AI Document Processing
AI Document Processing and Extraction
Businesses process millions of documents daily — invoices, contracts, resumes, medical records, insurance claims, and legal filings. Manual data extraction from these documents is slow, expensive, and error-prone. AI-powered document processing uses large language models to read, understand, and extract structured data from unstructured documents with remarkable accuracy.
Document Processing Use Cases
LLM-based document processing handles a wide range of document types and extraction tasks:
- Invoice processing — Extract vendor, line items, amounts, tax, and payment terms from invoices in any format.
- Contract analysis — Identify key clauses, obligations, deadlines, and risk factors across legal documents.
- Resume parsing — Extract skills, experience, education, and contact information from resumes.
- Medical records — Parse clinical notes, lab results, and prescriptions into structured formats.
- Financial statements — Extract figures, ratios, and metrics from annual reports and filings.
- Form processing — Read handwritten and printed forms, extracting field values into databases.
Architecture: Document Processing Pipeline
A production document processing system combines OCR, LLM extraction, and validation:
- Document ingestion — Accept documents via upload, email, or API in PDF, image, or text format.
- OCR (if needed) — Convert scanned documents and images to text using Tesseract, AWS Textract, or Google Vision.
- Text extraction — Parse PDF text layers for digital-native documents.
- LLM processing — Send extracted text to the LLM with a structured extraction prompt.
- Validation — Verify extracted data against business rules and flag discrepancies.
- Human review — Route low-confidence extractions to human reviewers.

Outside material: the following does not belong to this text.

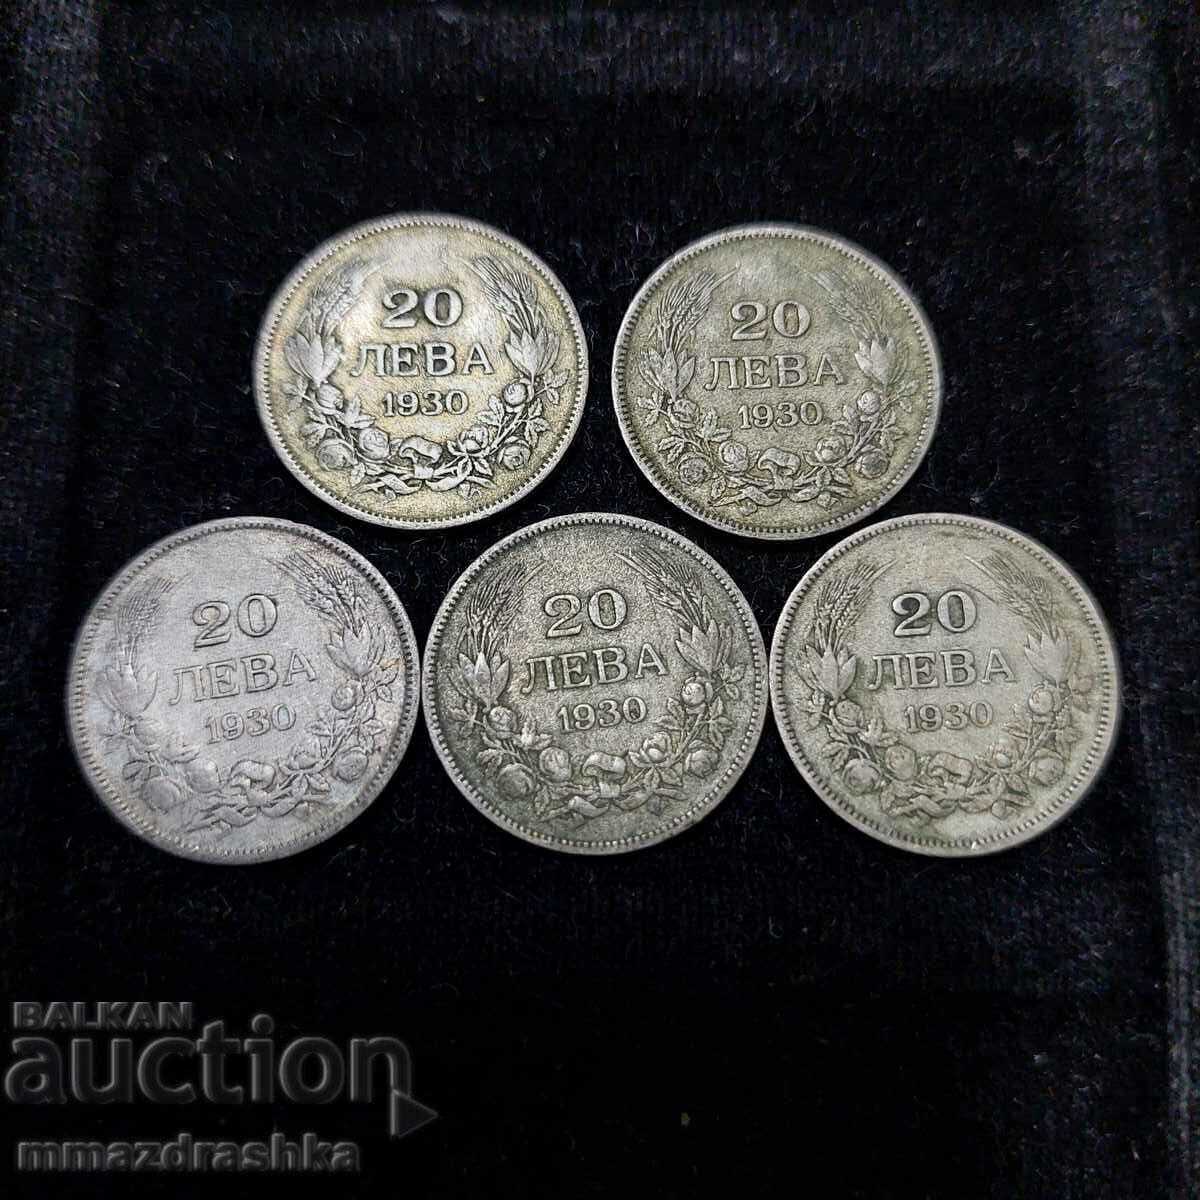 Ασημένια νομίσματα των βασιλικών χρόνων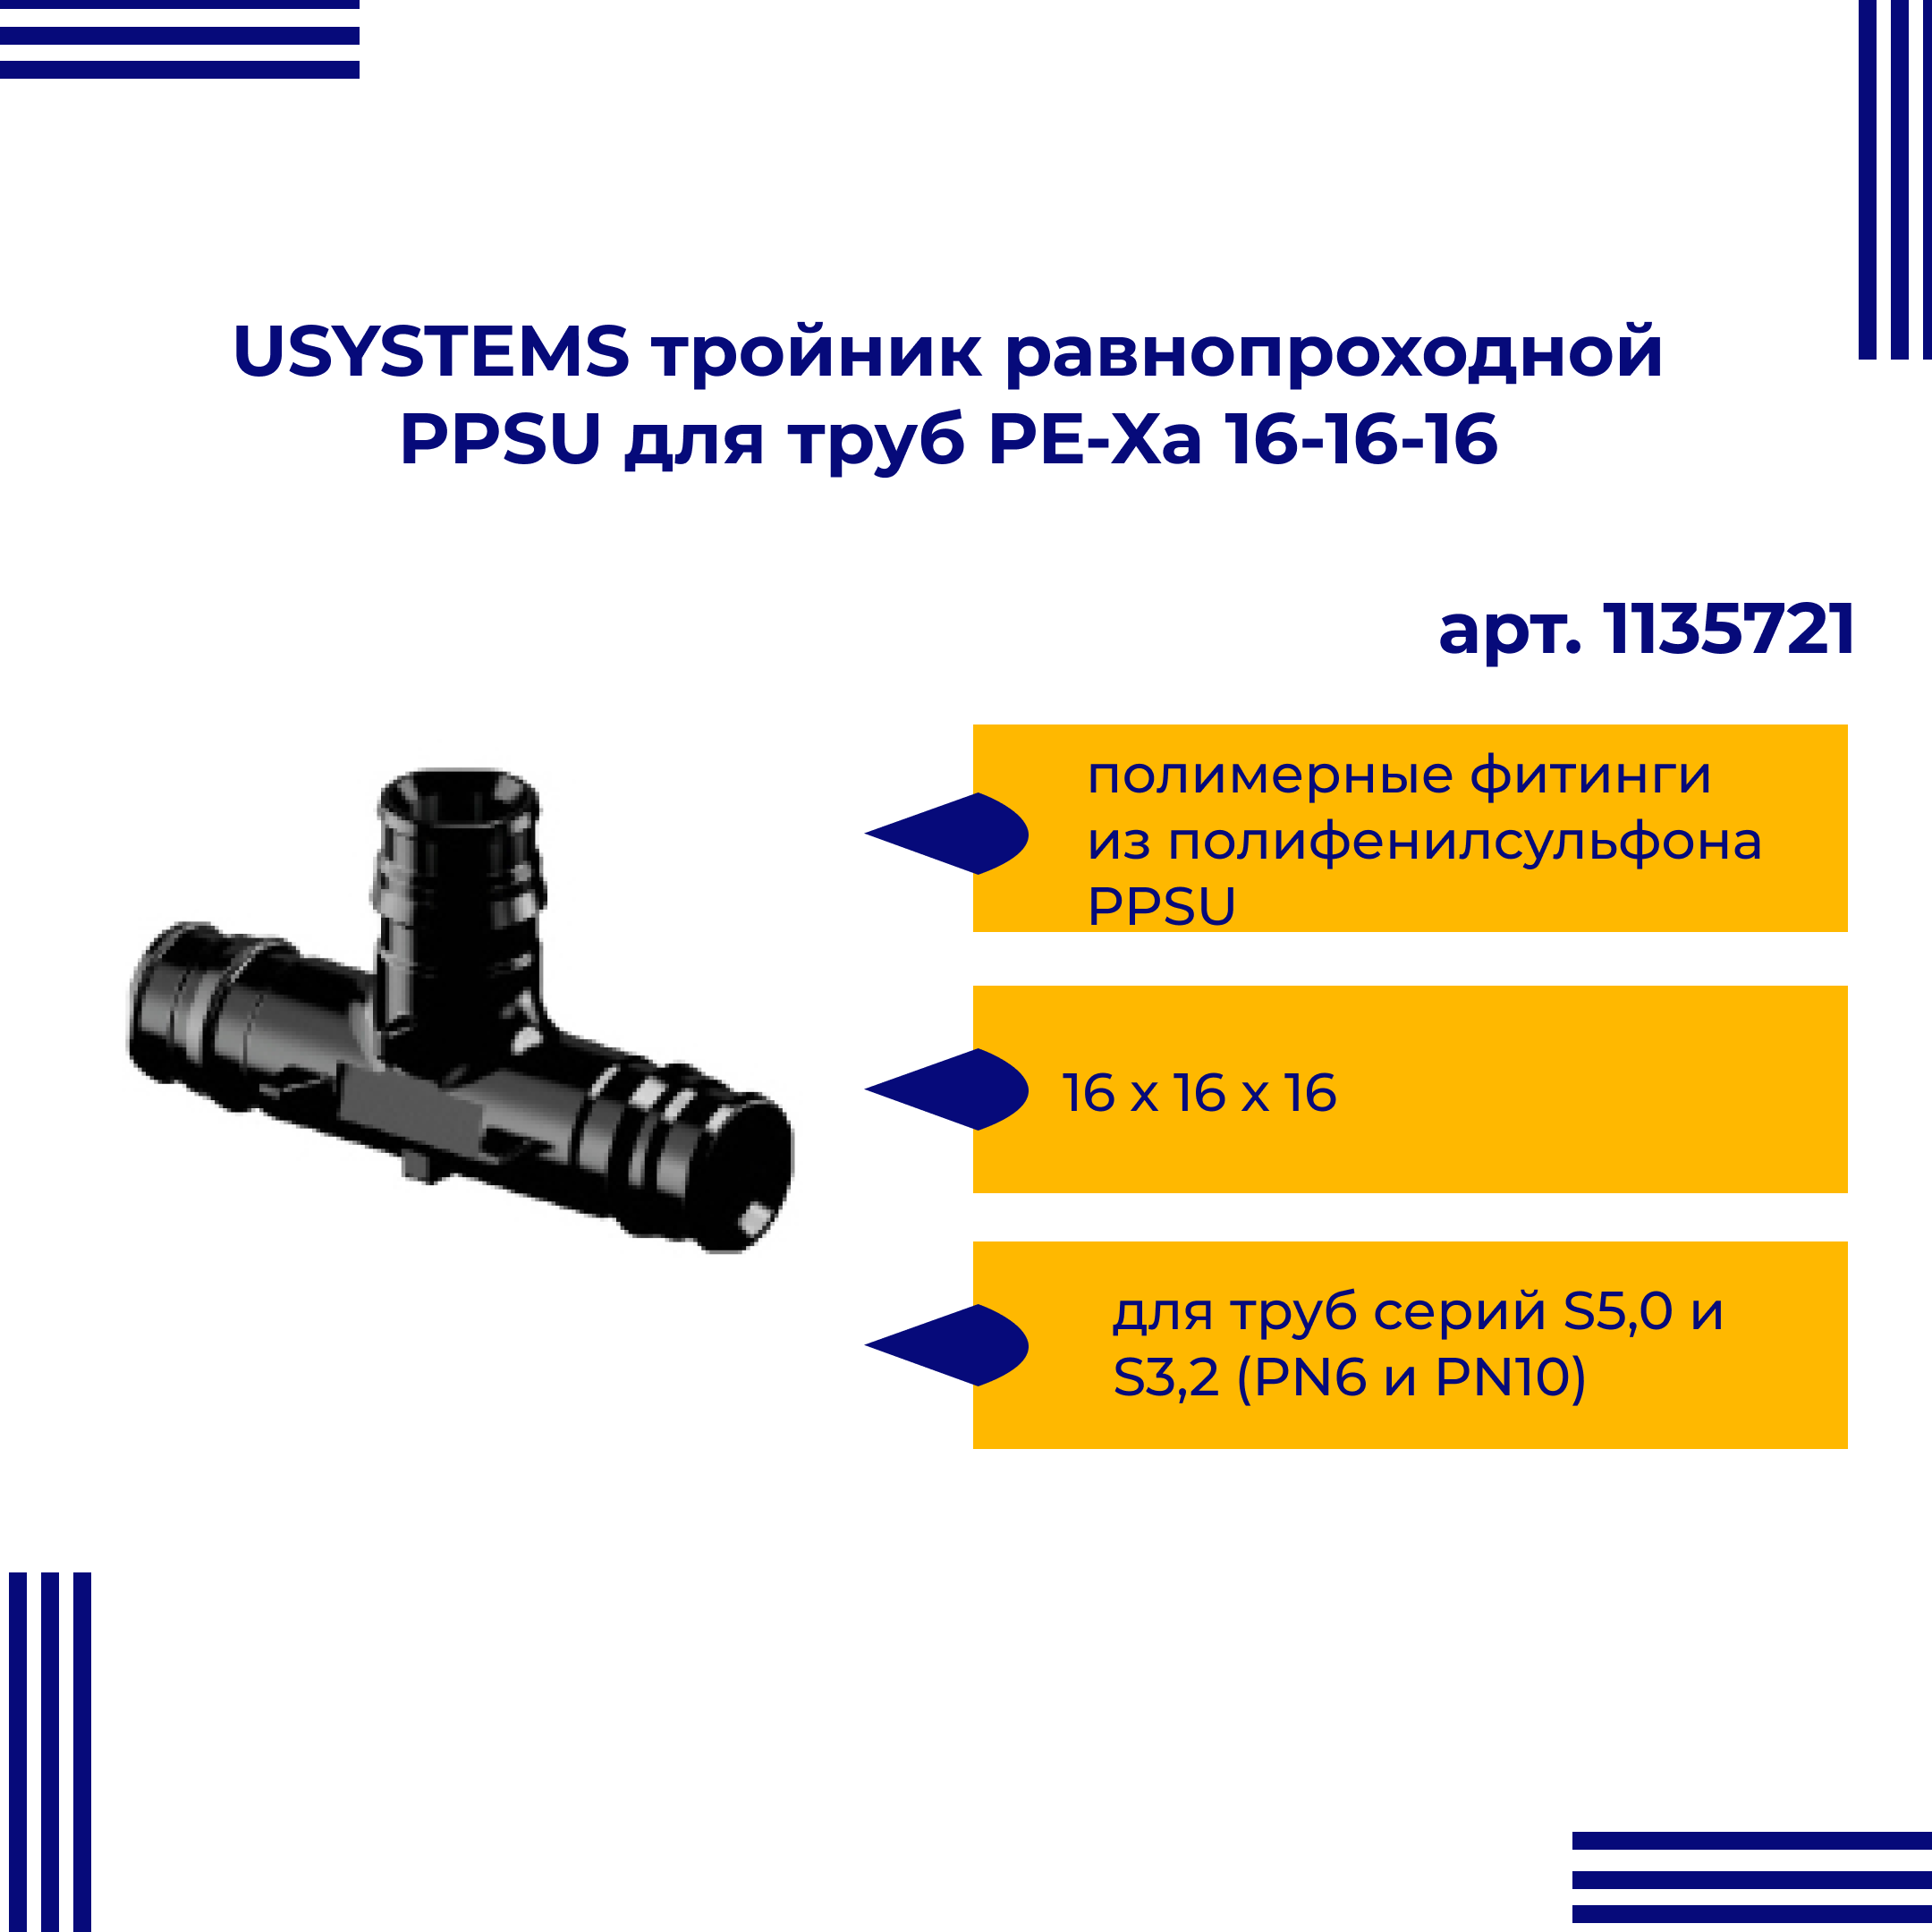 Тройник PPSU USYSTEMS равнопроходной для труб PE-Xa 16-16-16 1135721 равнопроходной тройник viega

- Output — Store structured data in your database or send to downstream systems.
Implementation: Structured Data Extraction
import Anthropic from '@anthropic-ai/sdk';
const client = new Anthropic({
apiKey: process.env.API_KEY,
baseURL: 'https://claude4u.com'
});
const EXTRACTION_SCHEMAS = {
invoice: {
system: `Extract invoice data into this exact JSON structure:
{
"vendor_name": "",
"vendor_address": "",
"invoice_number": "",
"invoice_date": "YYYY-MM-DD",
"due_date": "YYYY-MM-DD",
"currency": "USD",
"line_items": [
{"description": "", "quantity": 0, "unit_price": 0.00, "total": 0.00}
],
"subtotal": 0.00,
"tax_rate": 0.00,
"tax_amount": 0.00,
"total": 0.00,
"payment_terms": "",
"confidence": 0.0
}
Set confidence to a value between 0 and 1 based on data clarity.`,
},
contract: {
system: `Extract contract details into this JSON structure:
{
"parties": [{"name": "", "role": ""}],
"effective_date": "YYYY-MM-DD",
"expiration_date": "YYYY-MM-DD",
"auto_renewal": false,
"key_terms": [{"clause": "", "summary": ""}],
"obligations": [{"party": "", "obligation": "", "deadline": ""}],
"termination_conditions": [],
"liability_cap": "",
"governing_law": "",
"risk_factors": [{"risk": "", "severity": "high|medium|low"}],
"confidence": 0.0
}`
}
};
async function extractDocument(documentText, documentType) {
const schema = EXTRACTION_SCHEMAS[documentType];
if (!schema) throw new Error(`Unsupported document type: ${documentType}`);
const response = await client.messages.create({
model: 'claude-sonnet-4-20250514',
max_tokens: 4096,
system: schema.system,
messages: [{ role: 'user', content: documentText }]
});
const extracted = JSON.parse(response.content[0].text);
// Route low-confidence results to human review
if (extracted.confidence < 0.85) {
await queueForHumanReview(extracted, documentText, documentType);
}
return extracted;
}
Pro Tip: Claude's large context window (200K tokens) is a major advantage for document processing. You can include entire contracts, multi-page invoices, or complete financial statements in a single API call without chunking. This preserves cross-reference information that is critical for accurate extraction.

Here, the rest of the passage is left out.